▶ **THE PROBLEM**:
The required output is a verbatim transcription of the listing, pictures excluded.

▶ **DATASET EXCERPT**:

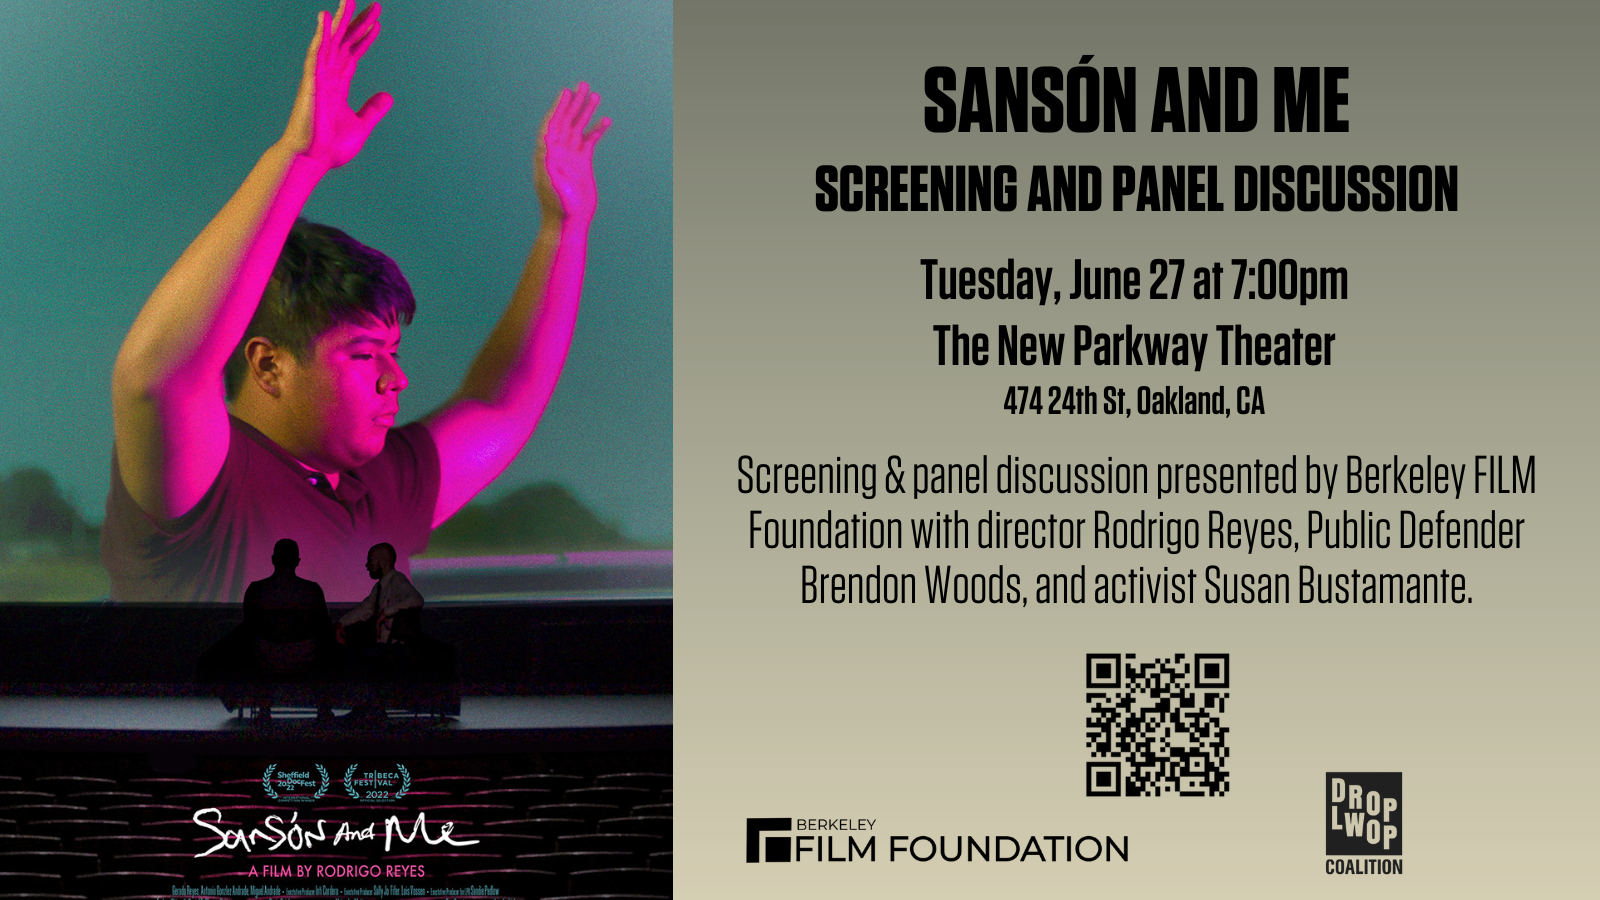 Film screening promo image featuring poster of boy with arms raised lit by a pink light, and title on the left Sanson and Me at the New Parkway Theater
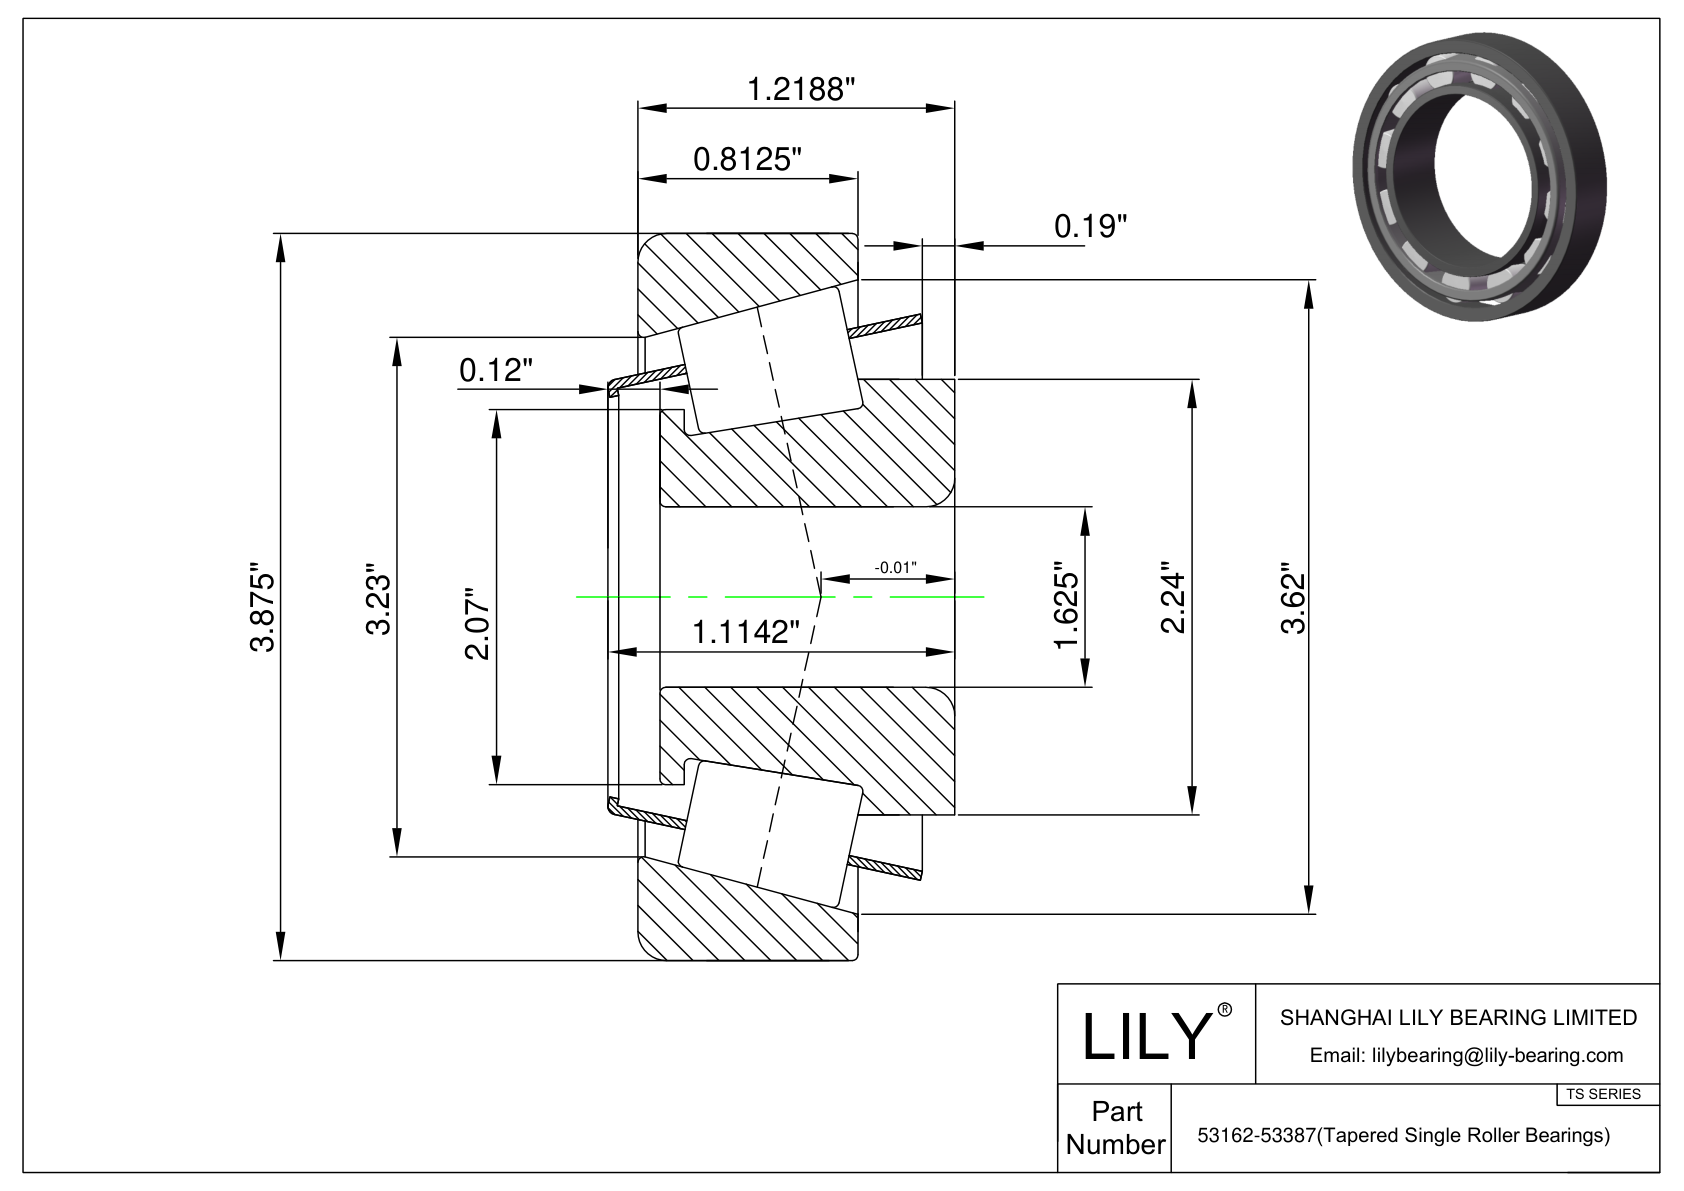 53162-53387 TS (Tapered Single Roller Bearings) (Imperial) cad drawing
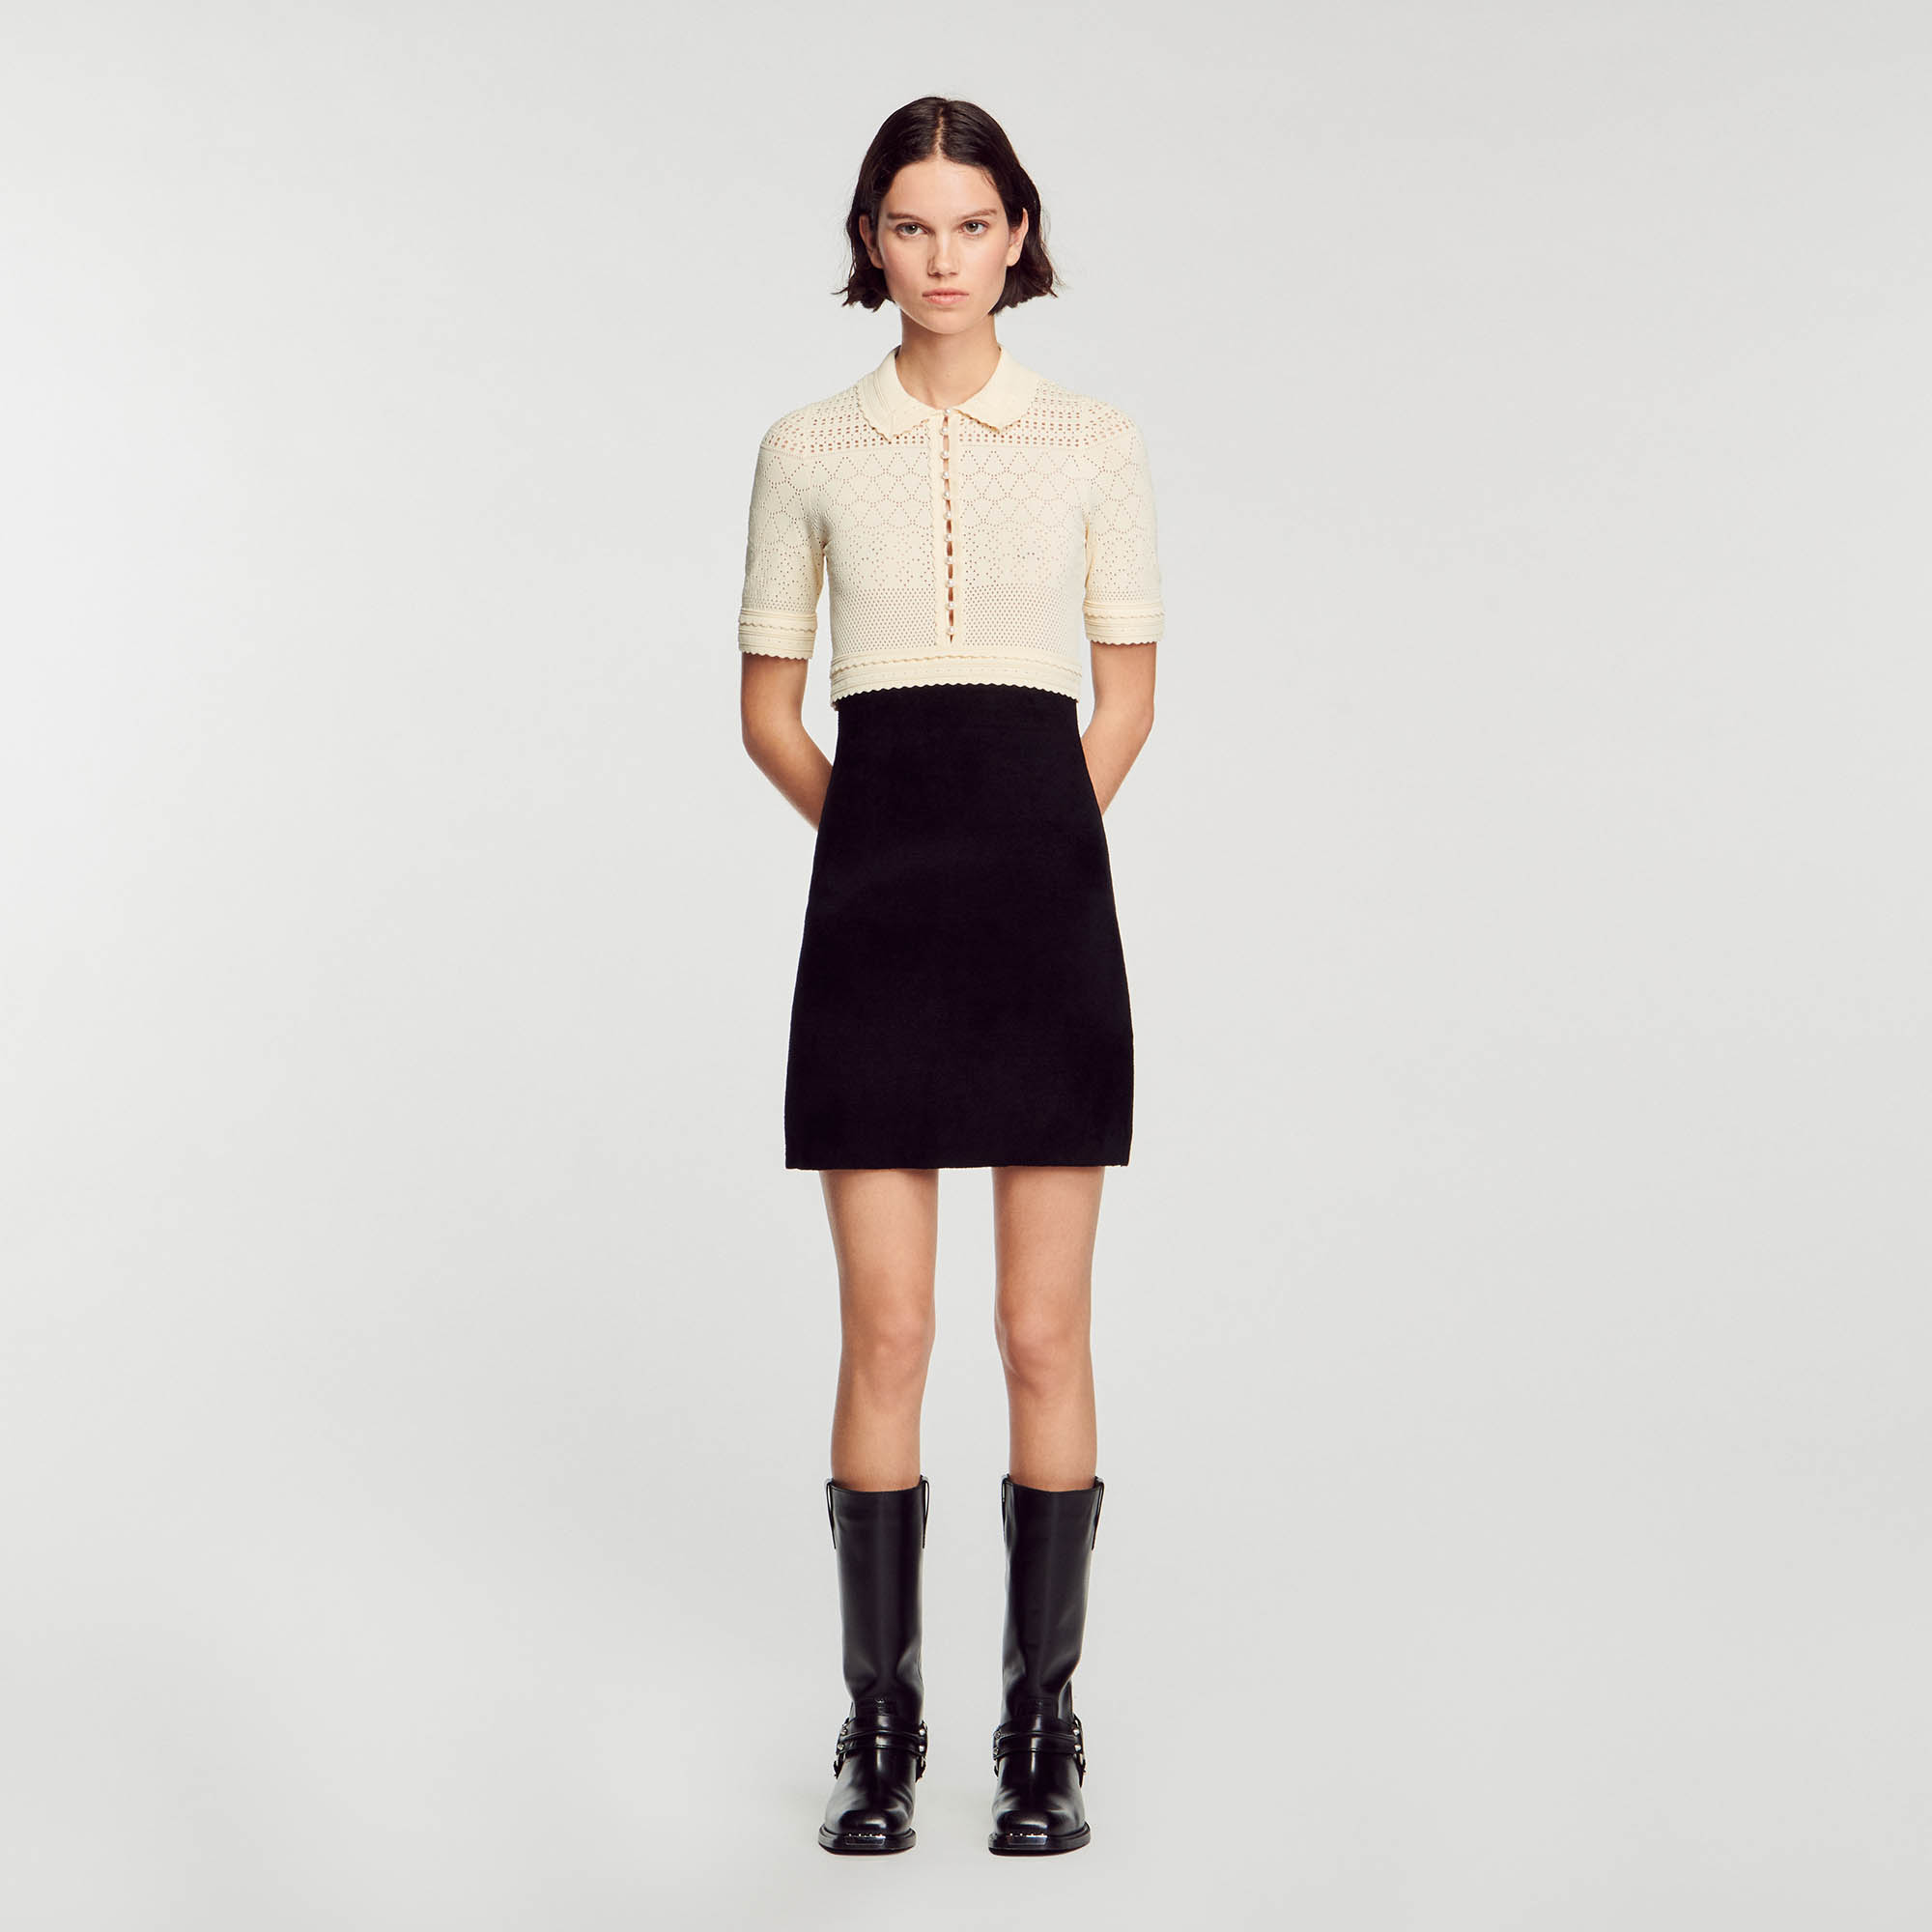 Sandro viscose Short two-tone dress featuring a contrasting pointelle knit top with a polo collar and short sleeves, and a flared skirt
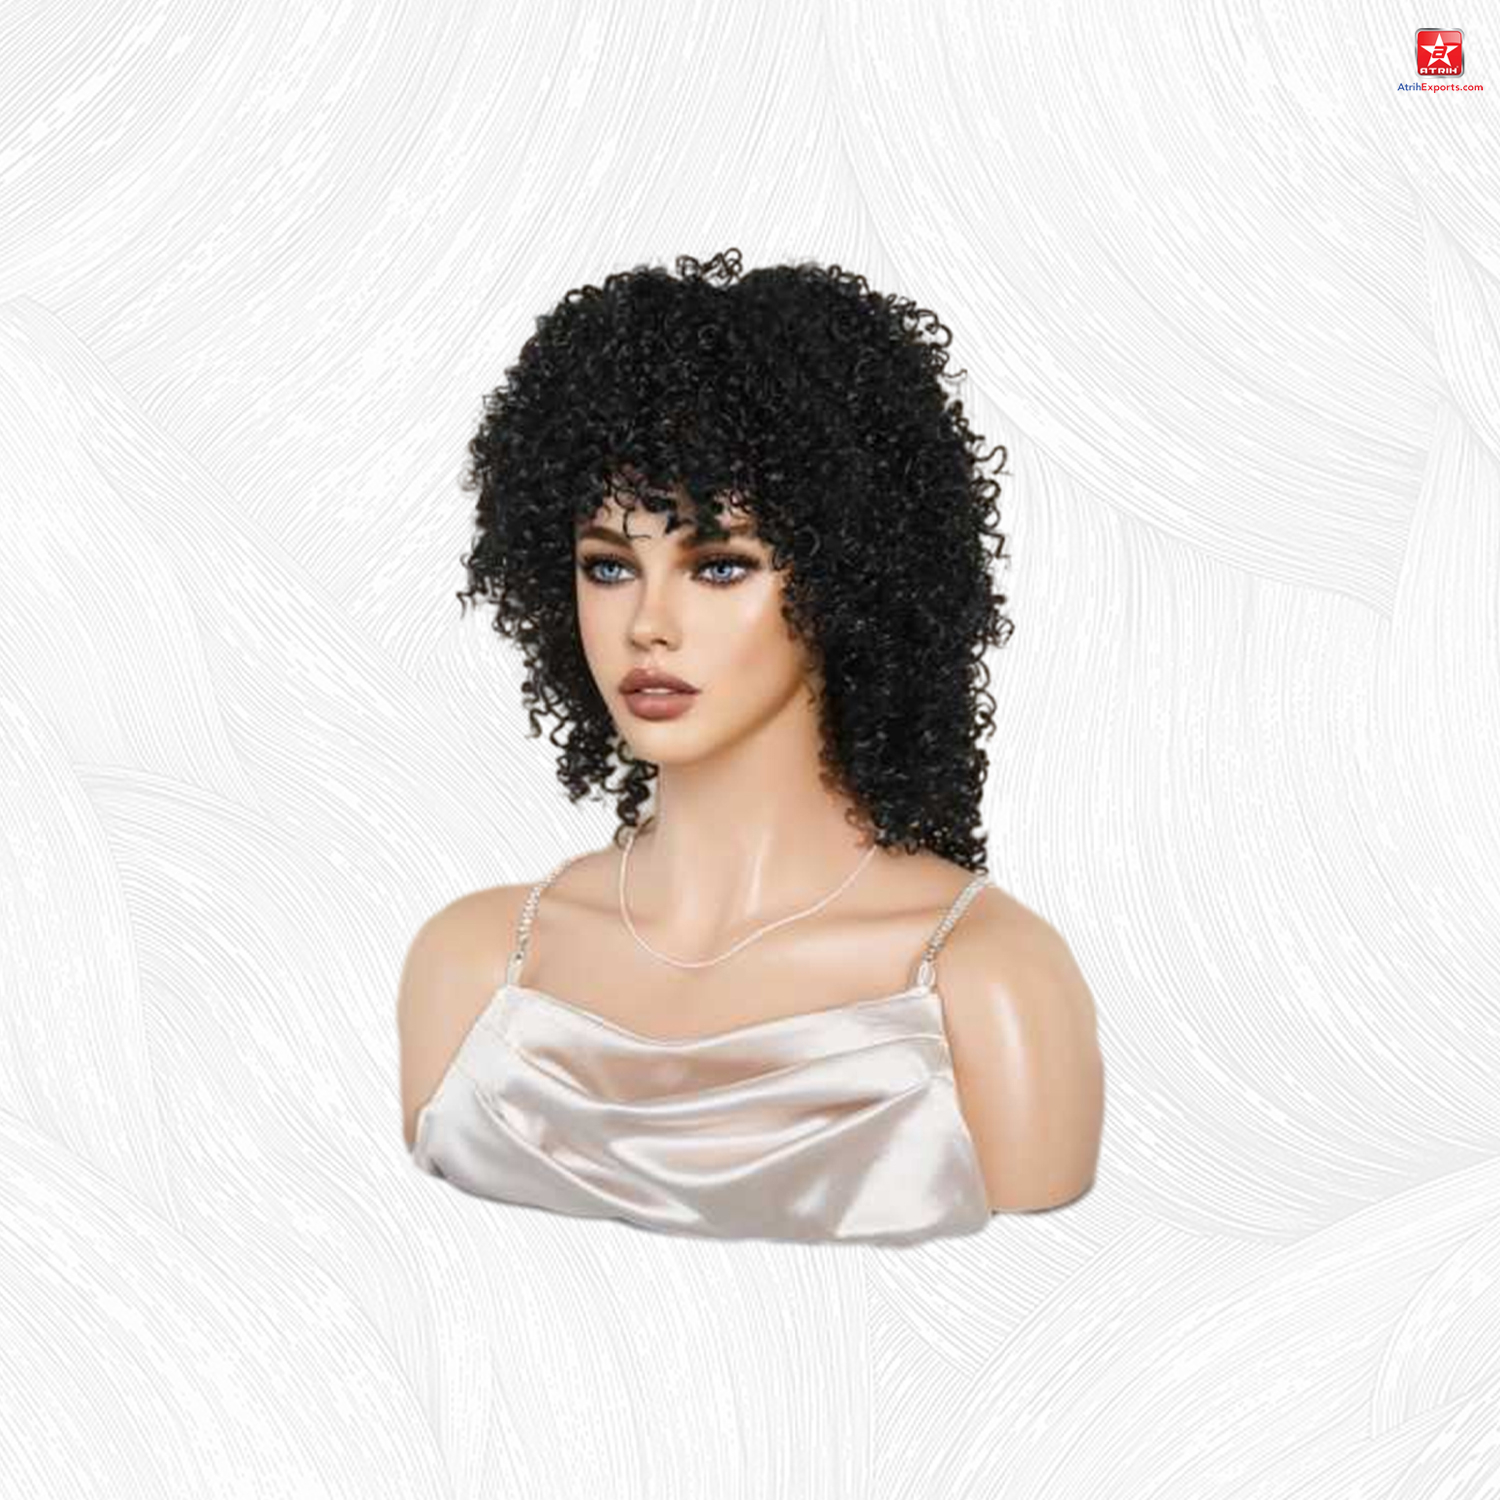 Brazilian Curly Lace Front Wig Curly Human Hair Women's Black Afro Curl Wig

▶ **ANSWER FOR THIS EXERCISE**:
 Film screening promo image featuring poster of boy with arms raised lit by a pink light, and title on the left Sanson and Me at the New Parkway Theater
 53162-53387 TS (Tapered Single Roller Bearings) (Imperial) cad drawing
 Sandro viscose Short two-tone dress featuring a contrasting pointelle knit top with a polo collar and short sleeves, and a flared skirt
 Brazilian Curly Lace Front Wig Curly Human Hair Women's Black Afro Curl Wig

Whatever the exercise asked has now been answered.